What are the key differences between Apache Thrift, Google Protocol Buffers, MessagePack, ASN.1 and Apache Avro?

andreypopp picture andreypopp · Jan 8, 2011 · Viewed 36.7k times · Source

All of these provide binary serialization, RPC frameworks and IDL. I'm interested in key differences between them and characteristics (performance, ease of use, programming languages support).

If you know any other similar technologies, please mention it in an answer.

Answer

JUST MY correct OPINION picture JUST MY correct OPINION · Jan 8, 2011

ASN.1 is an ISO/ISE standard. It has a very readable source language and a variety of back-ends, both binary and human-readable.
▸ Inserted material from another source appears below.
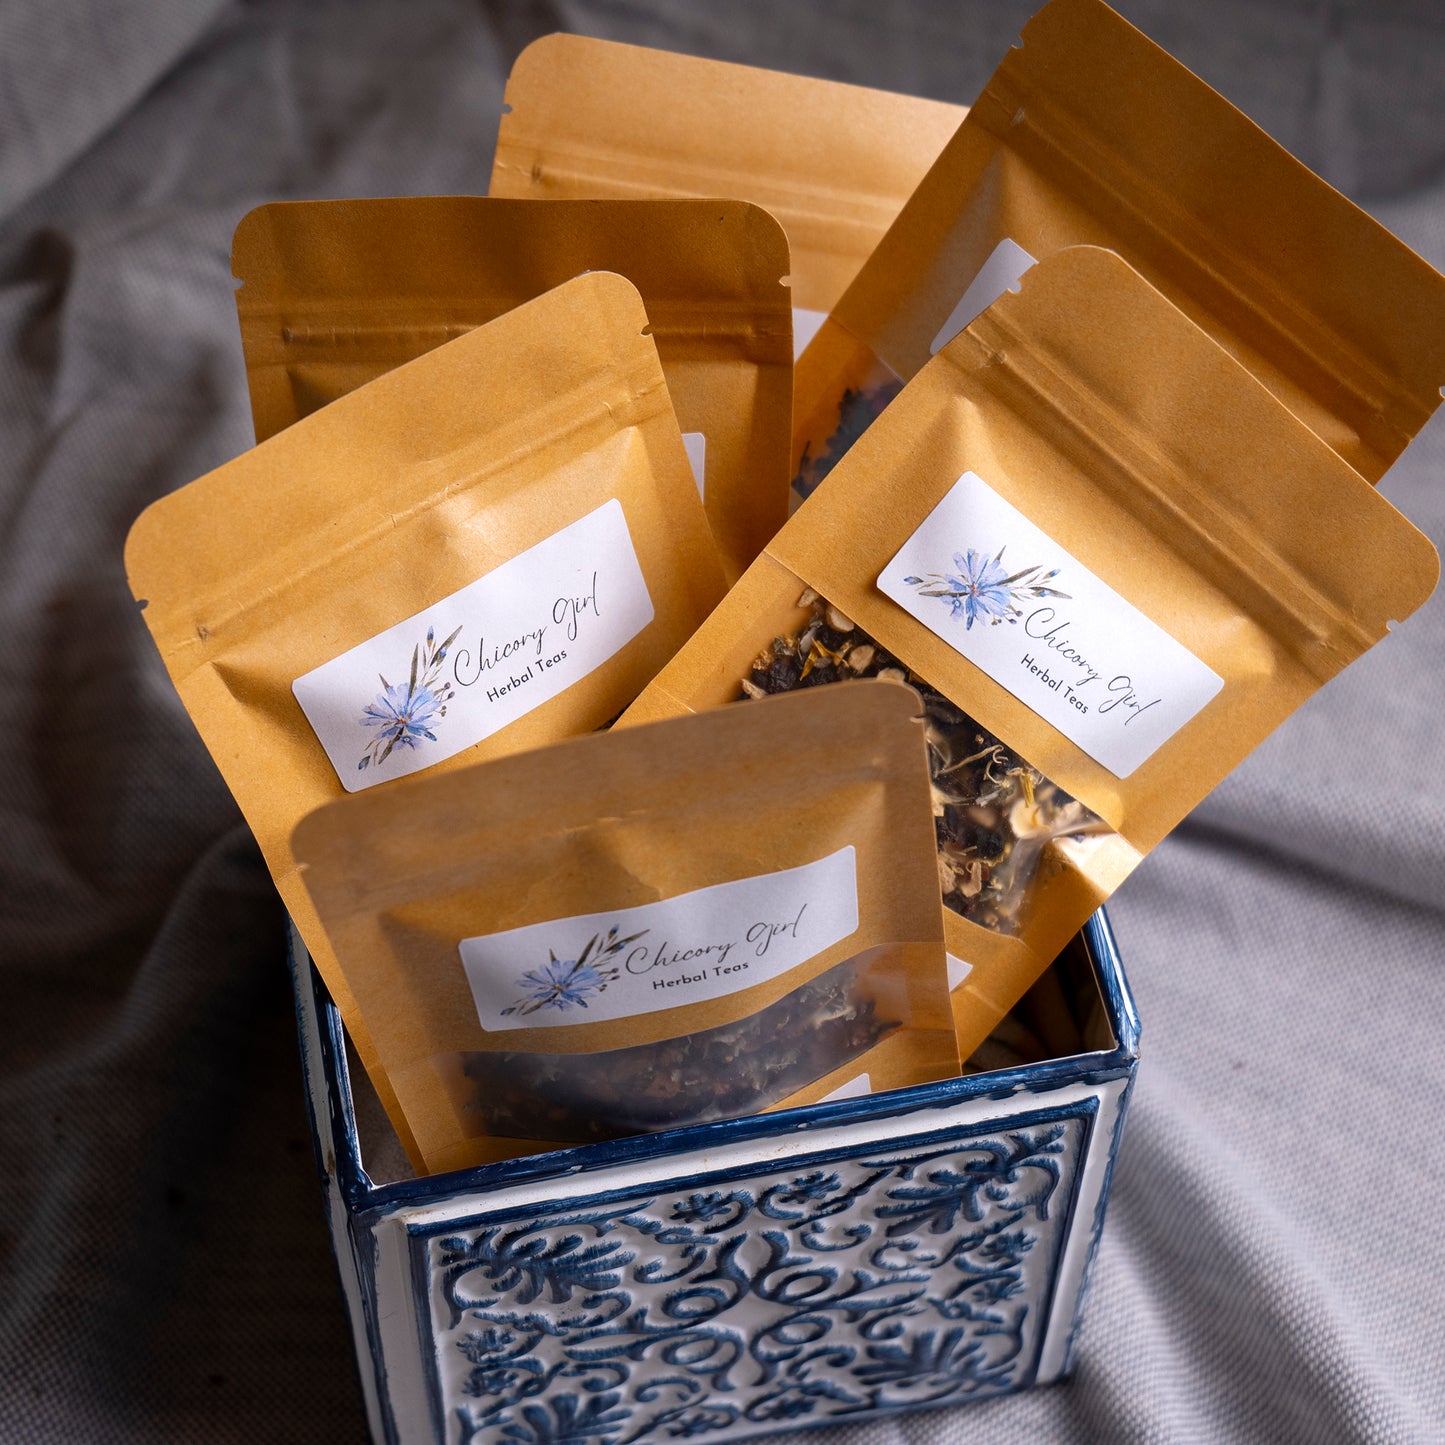 loose leaf herbal tea samples

Being an international standard (and an old one at that!) the source language is a bit kitchen-sinkish (in about the same way that the Atlantic Ocean is a bit wet) but it is extremely well-specified and has decent amount of support. (You can probably find an ASN.1 library for any language you name if you dig hard enough, and if not there are good C language libraries available that you can use in FFIs.) It is, being a standardized language, obsessively documented and has a few good tutorials available as well.
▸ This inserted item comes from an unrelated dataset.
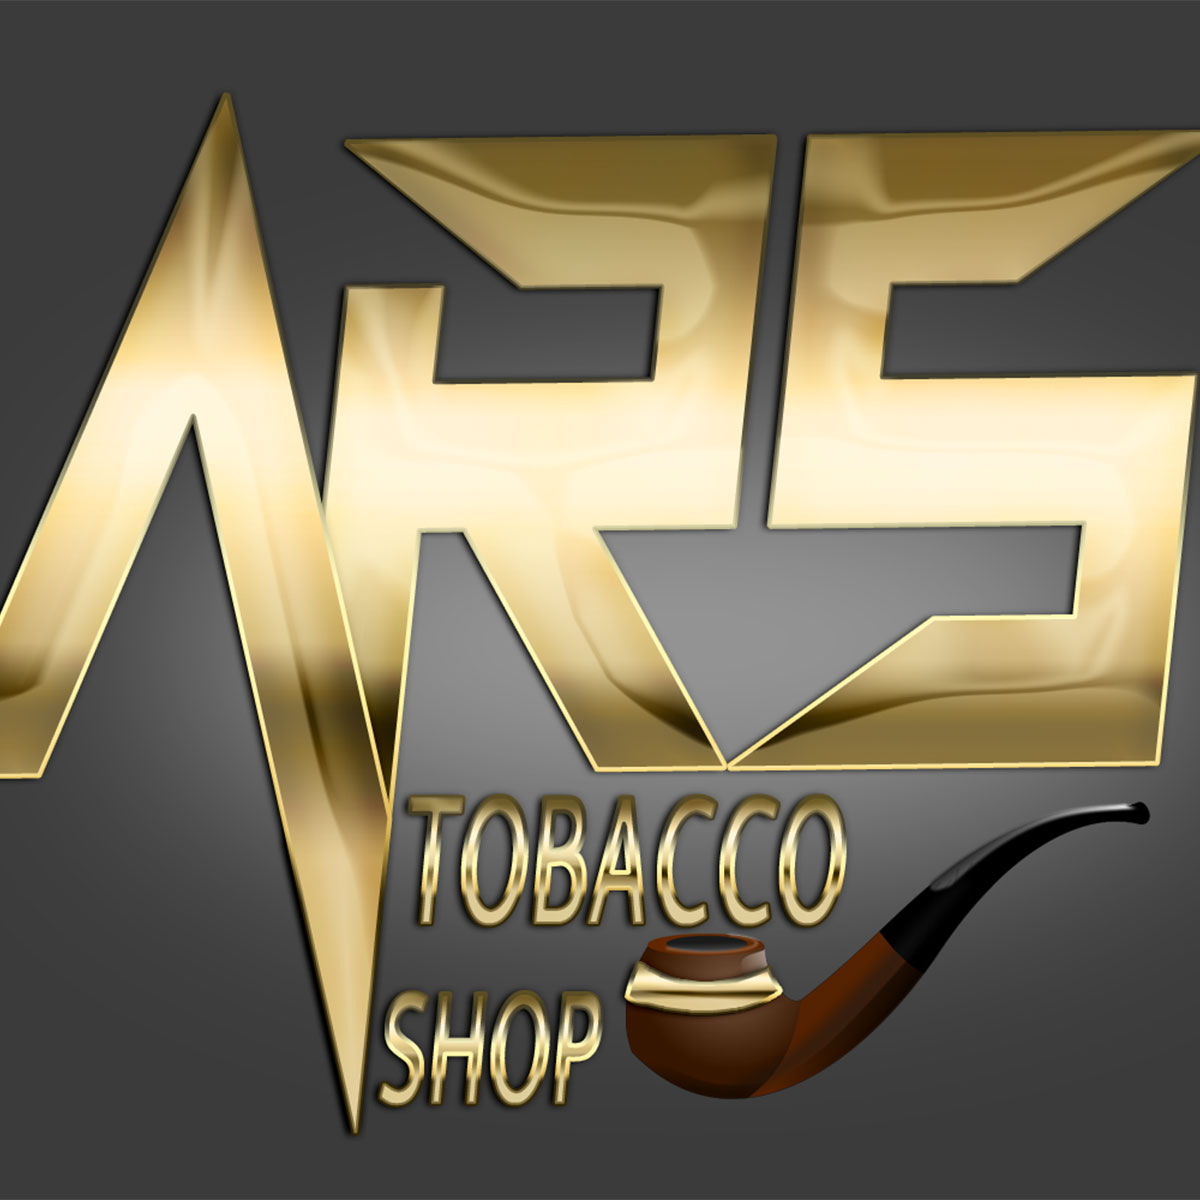 Ars Tobacco Shop

Thrift is not a standard. It is originally from Facebook and was later open-sourced and is currently a top level Apache project. It is not well-documented -- especially tutorial levels -- and to my (admittedly brief) glance doesn't appear to add anything that other, previous efforts don't already do (and in some cases better). To be fair to it, it has a rather impressive number of languages it supports out of the box including a few of the higher-profile non-mainstream ones. The IDL is also vaguely C-like.

Protocol Buffers is not a standard. It is a Google product that is being released to the wider community. It is a bit limited in terms of languages supported out of the box (it only supports C++, Python and Java) but it does have a lot of third-party support for other languages (of highly variable quality). Google does pretty much all of their work using Protocol Buffers, so it is a battle-tested, battle-hardened protocol (albeit not as battle-hardened as ASN.1 is. It has much better documentation than does Thrift, but, being a Google product, it is highly likely to be unstable (in the sense of ever-changing, not in the sense of unreliable). The IDL is also C-like.
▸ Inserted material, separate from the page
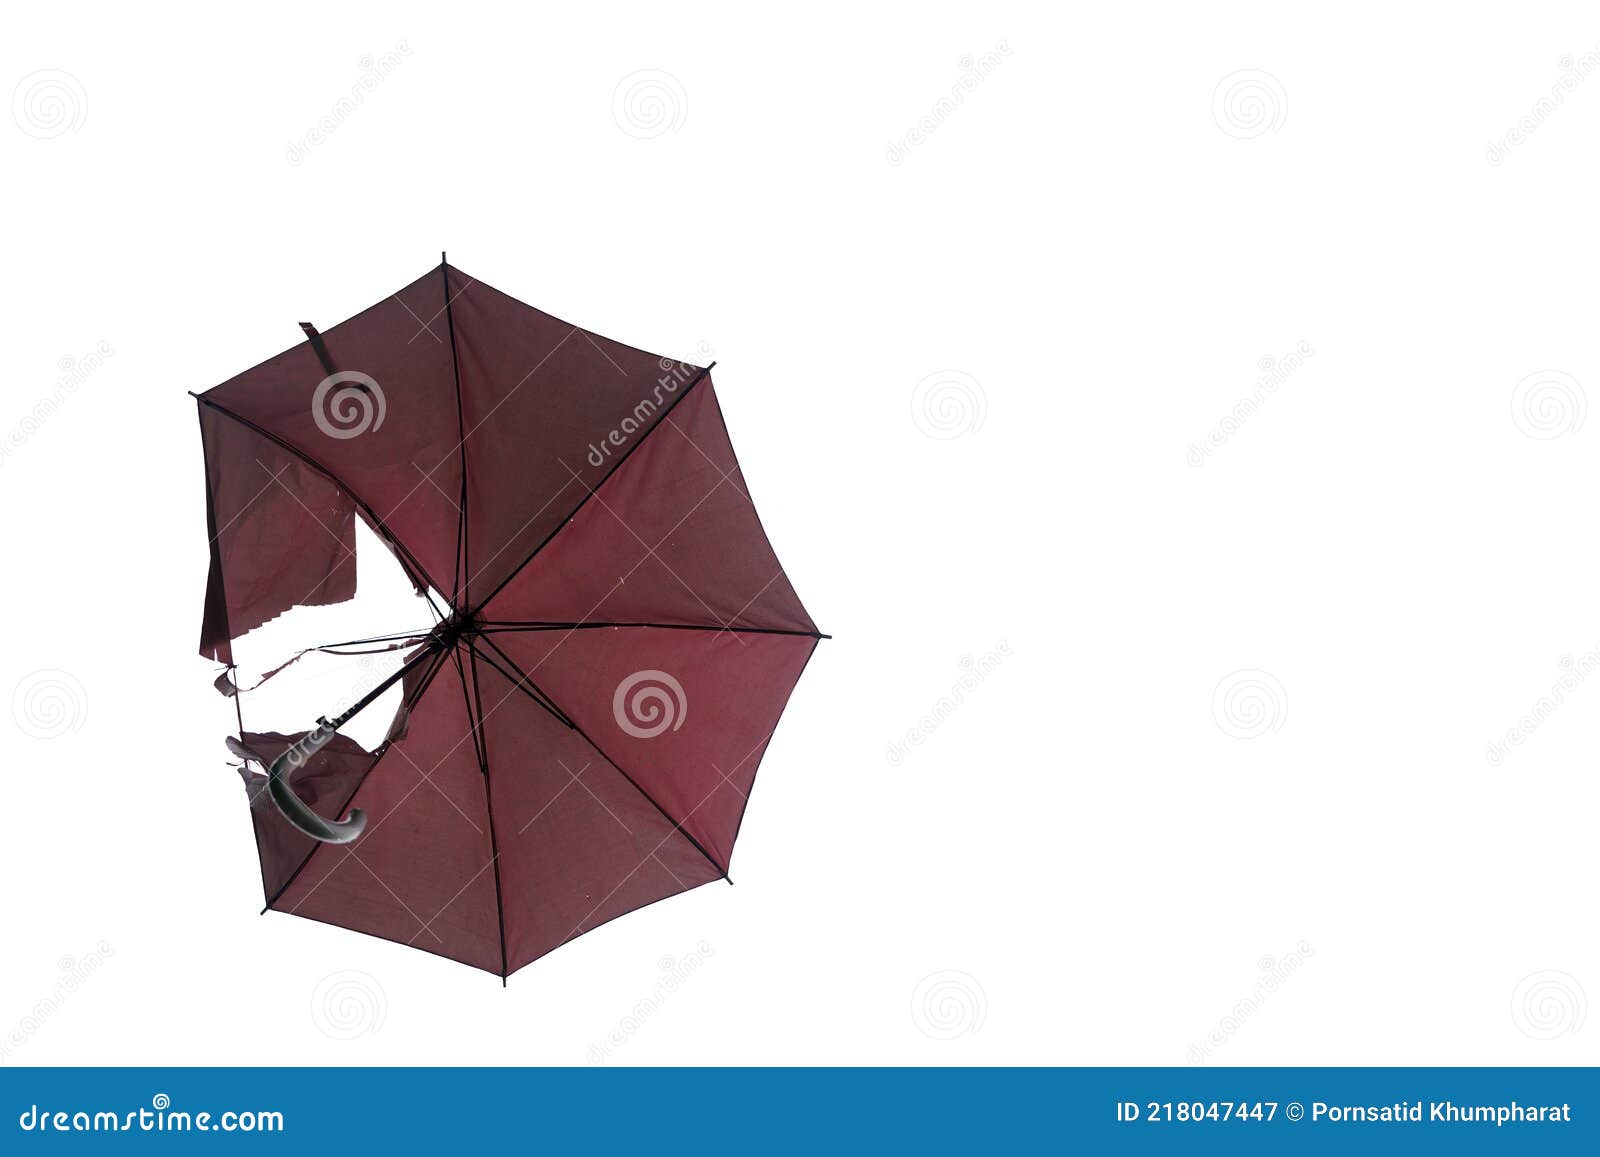 Kabelbaan Direct Ambitieus Kapotte Paraplu Op Witte Achtergrond Stock Afbeelding - Image of seizoen,  nave: 218047447

All of the above systems use a schema defined in some kind of IDL to generate code for a target language that is then used in encoding and decoding. Avro does not. Avro's typing is dynamic and its schema data is used at runtime directly both to encode and decode (which has some obvious costs in processing, but also some obvious benefits vis a vis dynamic languages and a lack of a need for tagging types, etc.). Its schema uses JSON which makes supporting Avro in a new language a bit easier to manage if there's already a JSON library. Again, as with most wheel-reinventing protocol description systems, Avro is also not standardized.

Personally, despite my love/hate relationship with it, I'd probably use ASN.1 for most RPC and message transmission purposes, although it doesn't really have an RPC stack (you'd have to make one, but IOCs make that simple enough).